§ **WHAT TO DO**:
Repeat the entire listing exactly. Omit all pictures.

§ **PROVIDED MATERIAL**:
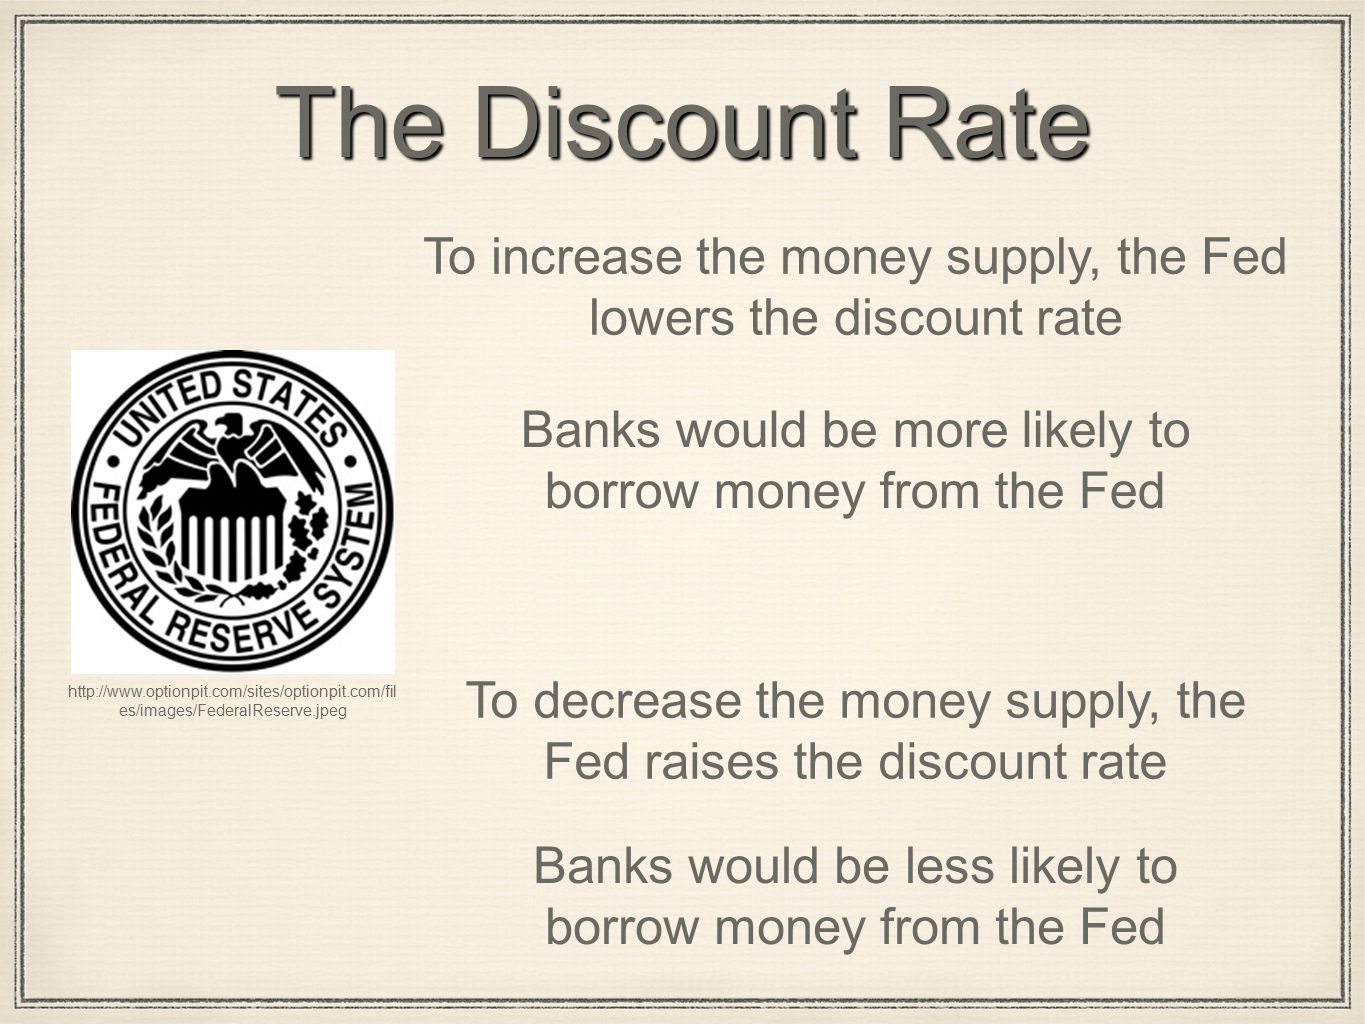 The Discount Rate   es/images/FederalReserve.jpeg To increase the money supply, the Fed lowers the discount rate Banks would be more likely to borrow money from the Fed To decrease the money supply, the Fed raises the discount rate Banks would be less likely to borrow money from the Fed
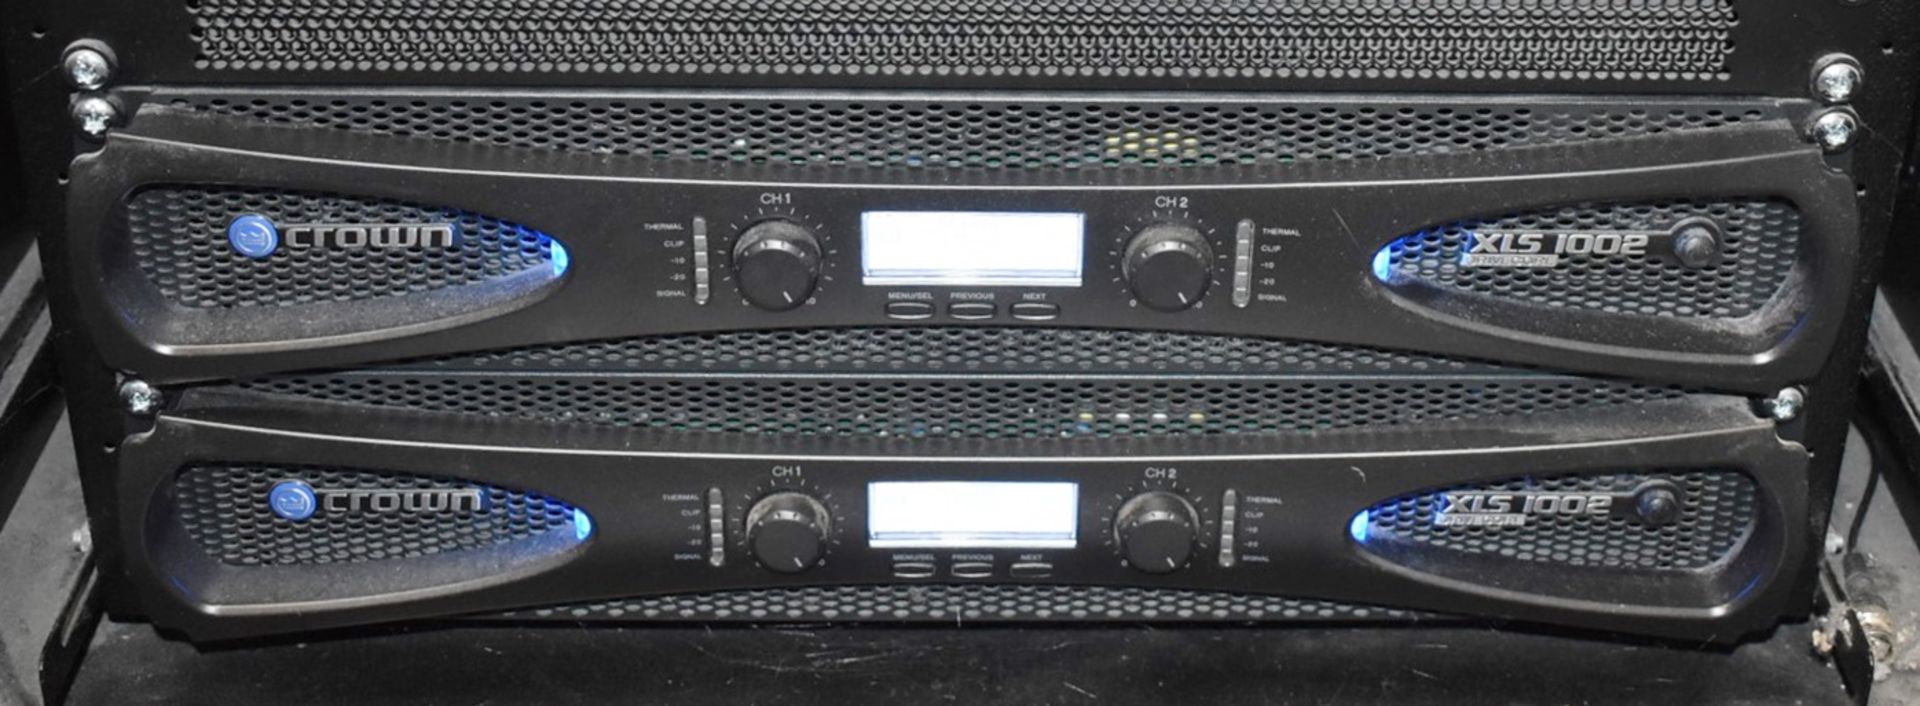 1 x Crown XLS-1002 DriveCore 2 Stereo Power Amplifier £499 - Image 4 of 4
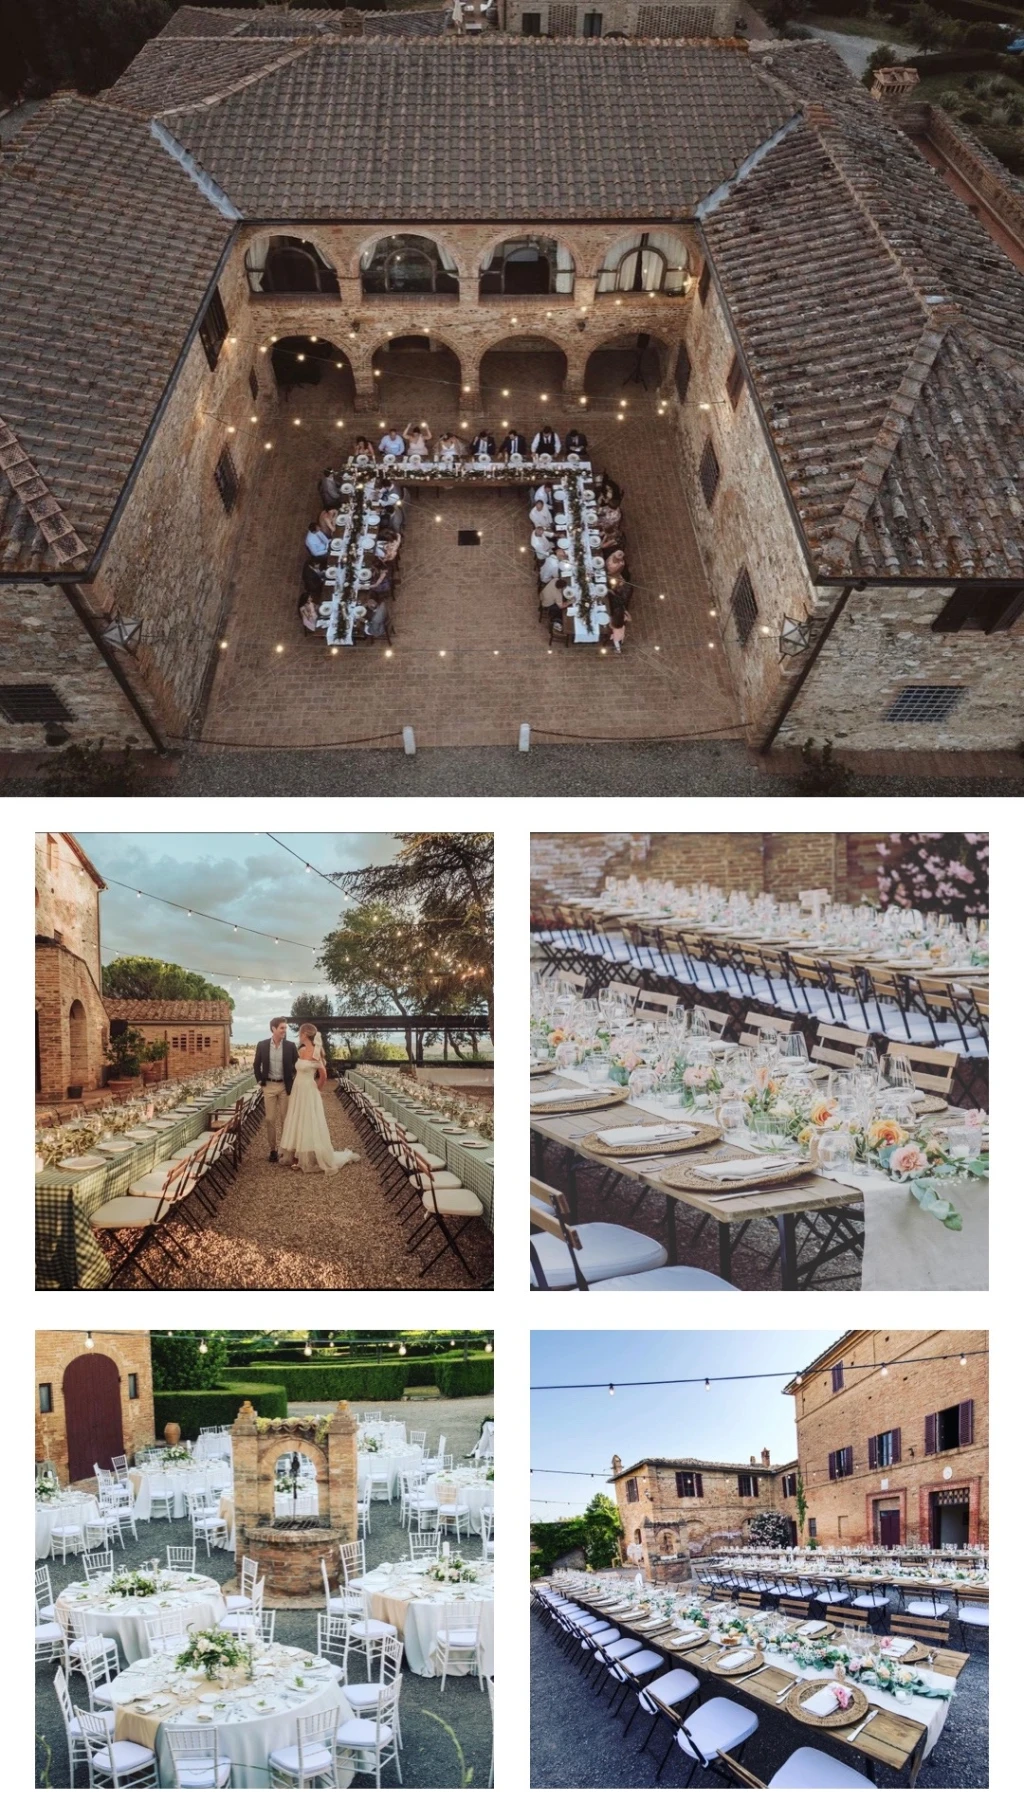 The wedding dinner in the courtyard, the garden, by the pool, in the vineyard or surrounded by olive trees
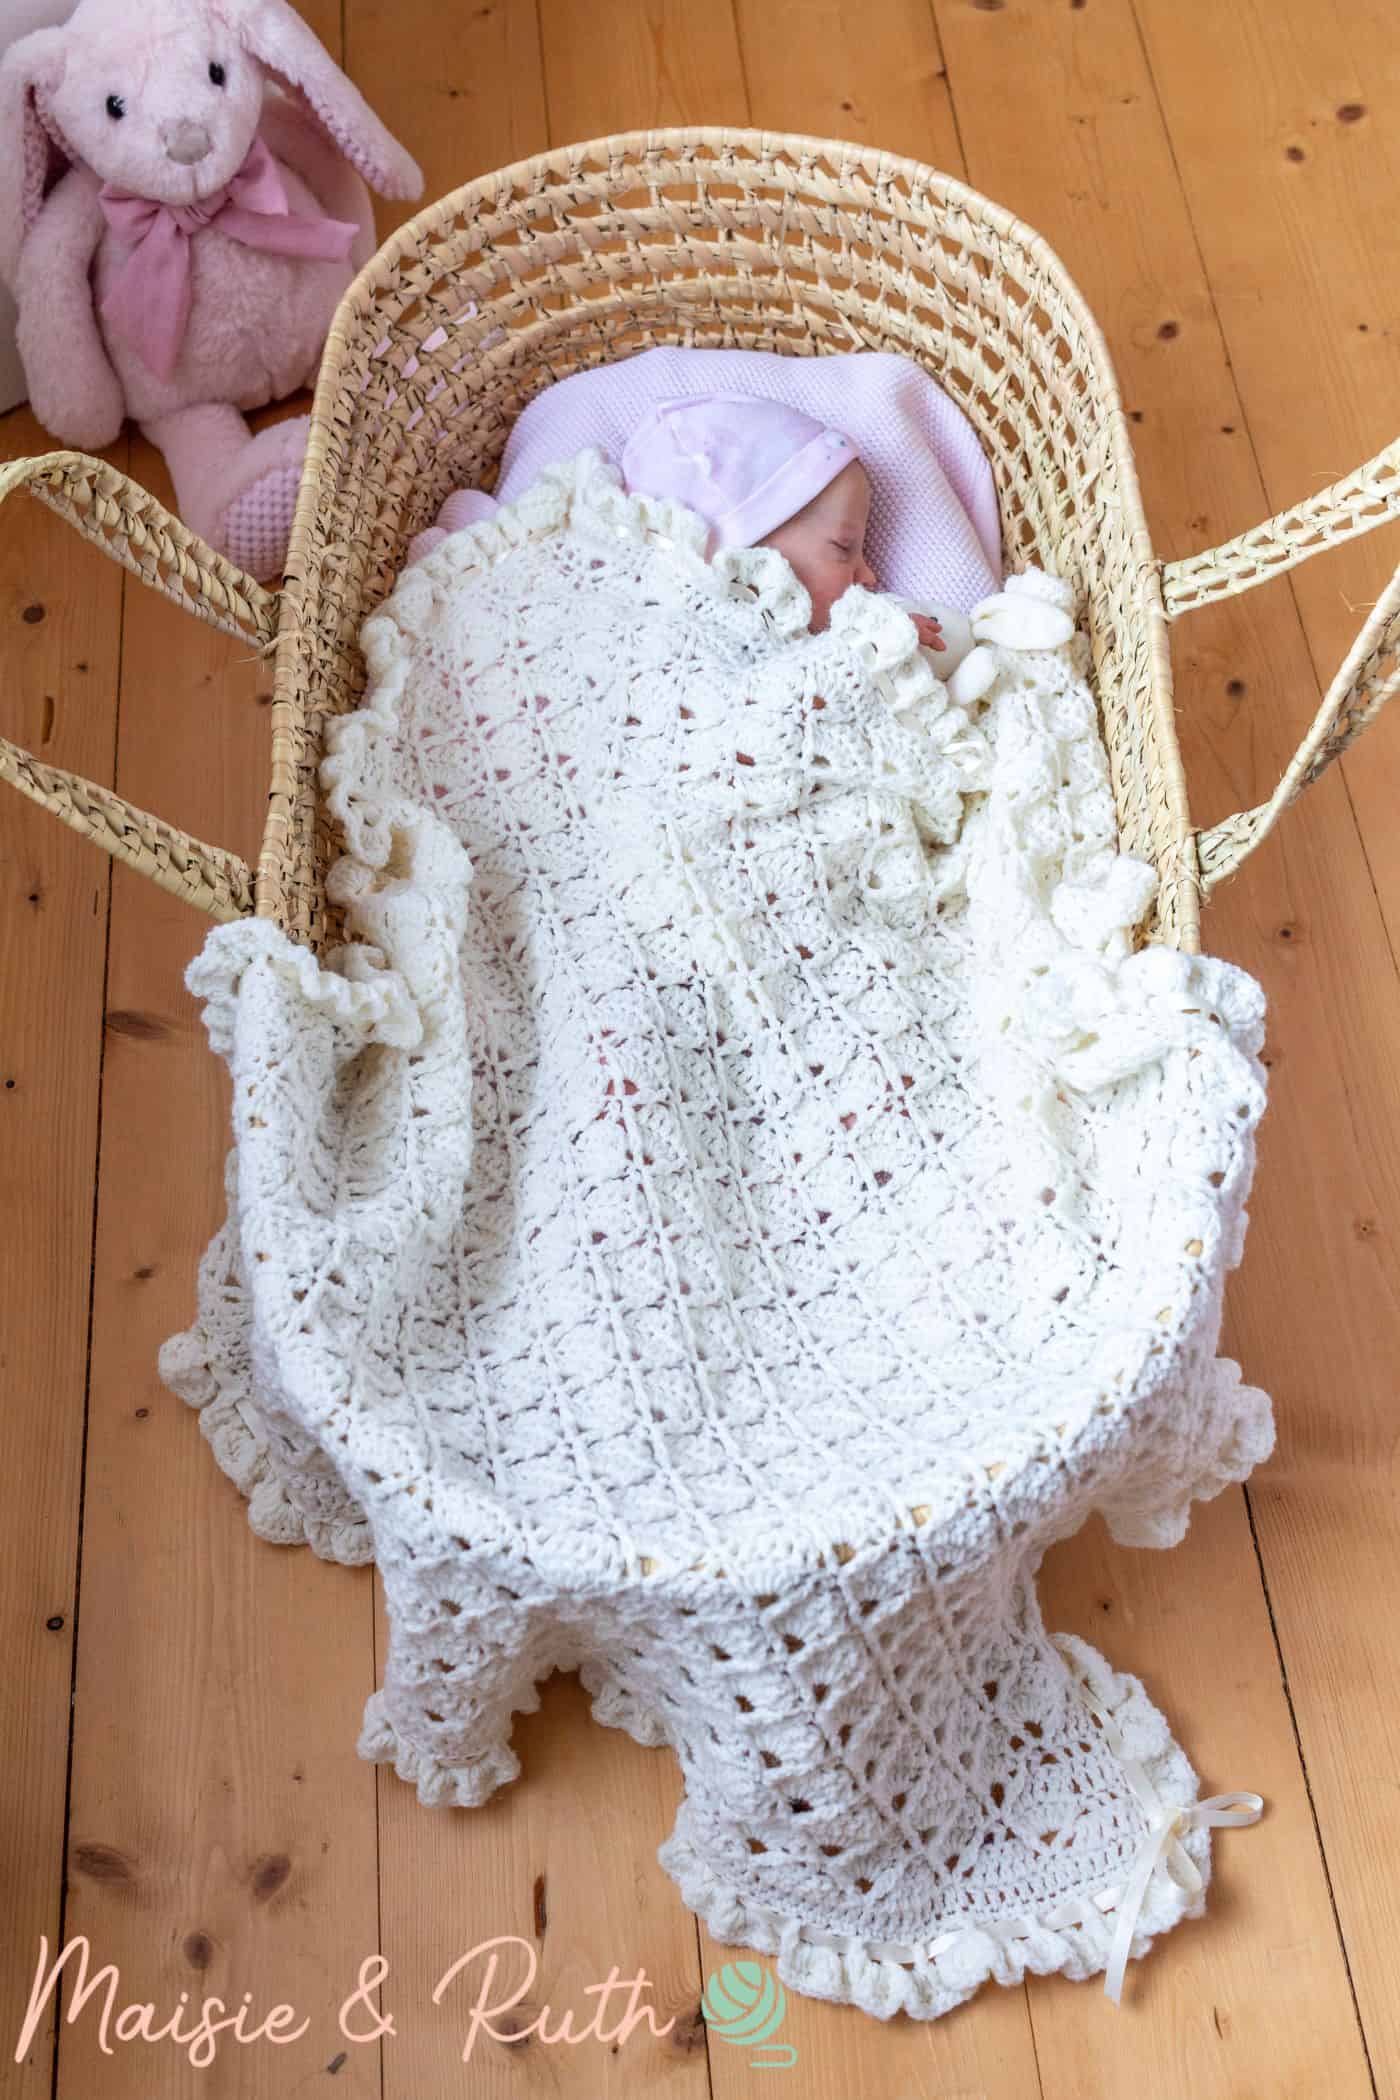 Crochet Baby Blanket Pattern With Baby in Basket

§ **SOLVED PROBLEM**:
 The Discount Rate   es/images/FederalReserve.jpeg To increase the money supply, the Fed lowers the discount rate Banks would be more likely to borrow money from the Fed To decrease the money supply, the Fed raises the discount rate Banks would be less likely to borrow money from the Fed
 1 x Crown XLS-1002 DriveCore 2 Stereo Power Amplifier £499 - Image 4 of 4
 The wedding dinner in the courtyard, the garden, by the pool, in the vineyard or surrounded by olive trees
 Crochet Baby Blanket Pattern With Baby in Basket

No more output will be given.